Trending Hashtags Analyzer

Data Structures Algorithms Streaming

You are given a stream of tweet logs where each tweet is represented as a record containing two fields:

  • timestamp: An integer representing the time (in seconds) when the tweet was posted.
  • text: A string that may include one or more hashtags (words prefixed with the # symbol).

Your task is to design and implement a function getTrendingHashtags(tweets, currentTime, windowSize, k) that returns the top k trending hashtags within a rolling time window. The rolling window includes all tweets with a timestamp in the range [currentTime - windowSize, currentTime].

Requirements:

  1. Parse each tweet's text and extract hashtags. Hashtags are case-insensitive, i.e., #Hello is equivalent to #hello.

  2. Count the frequency of each hashtag in the current rolling window.

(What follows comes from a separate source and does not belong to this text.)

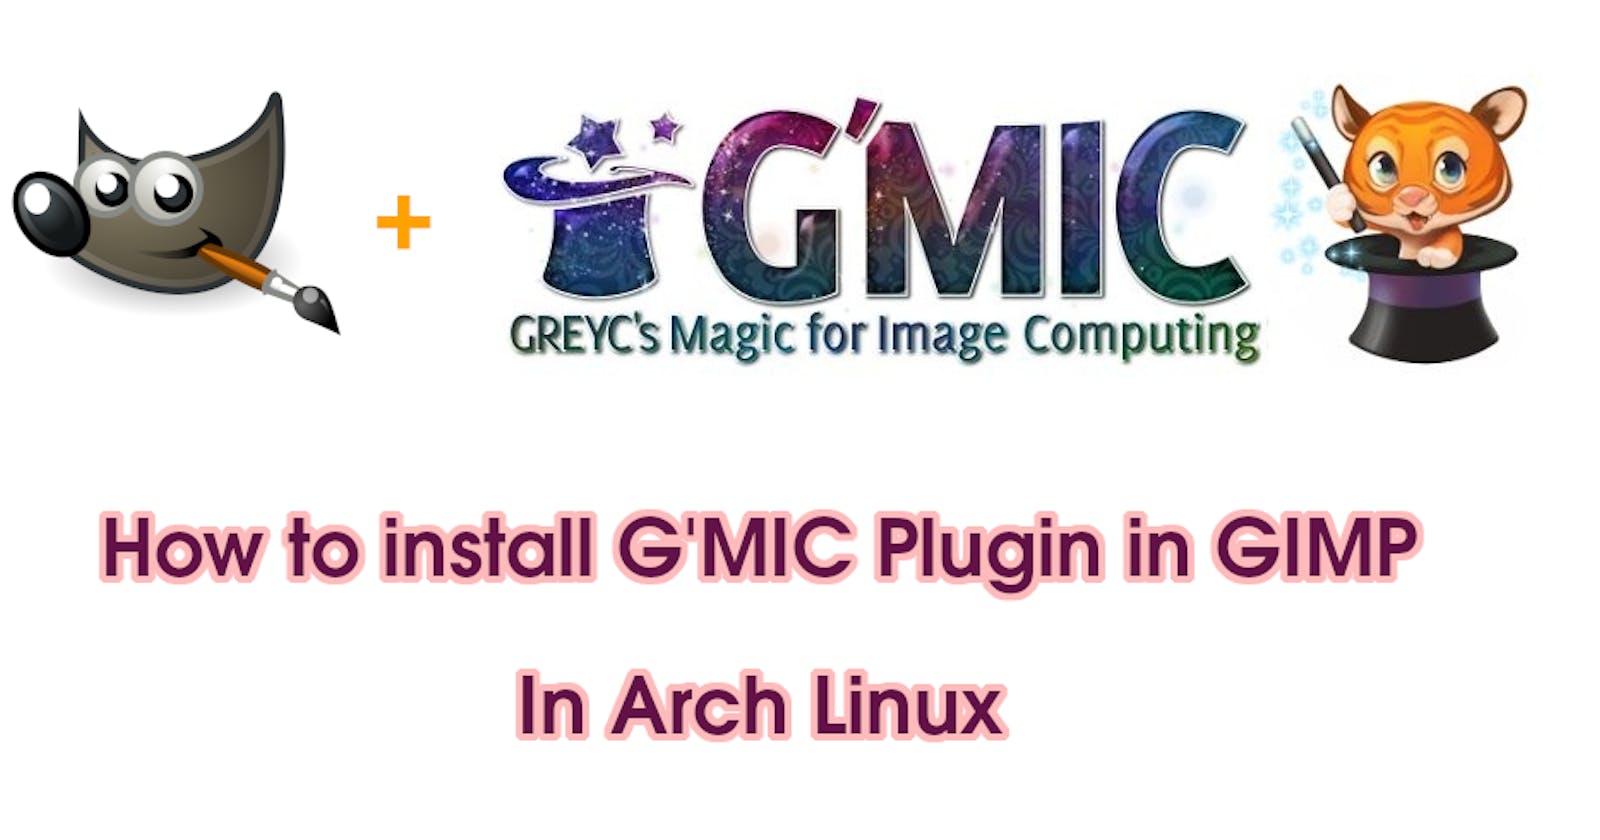 Installing G'MIC Plugin in GIMP in Arch Linux

  3. Return the top k hashtags sorted in descending order of frequency. If two hashtags have the same frequency, you can order them arbitrarily.

  4. Consider efficiency in your implementation since the tweet stream can be large.

You can assume the input tweets is provided as an array (or list) of tweet records in no particular order. Your solution should effectively filter the tweets that fall within the specified time window based on the given currentTime and windowSize.

Write clean, well-documented code and include examples or tests demonstrating your implementation.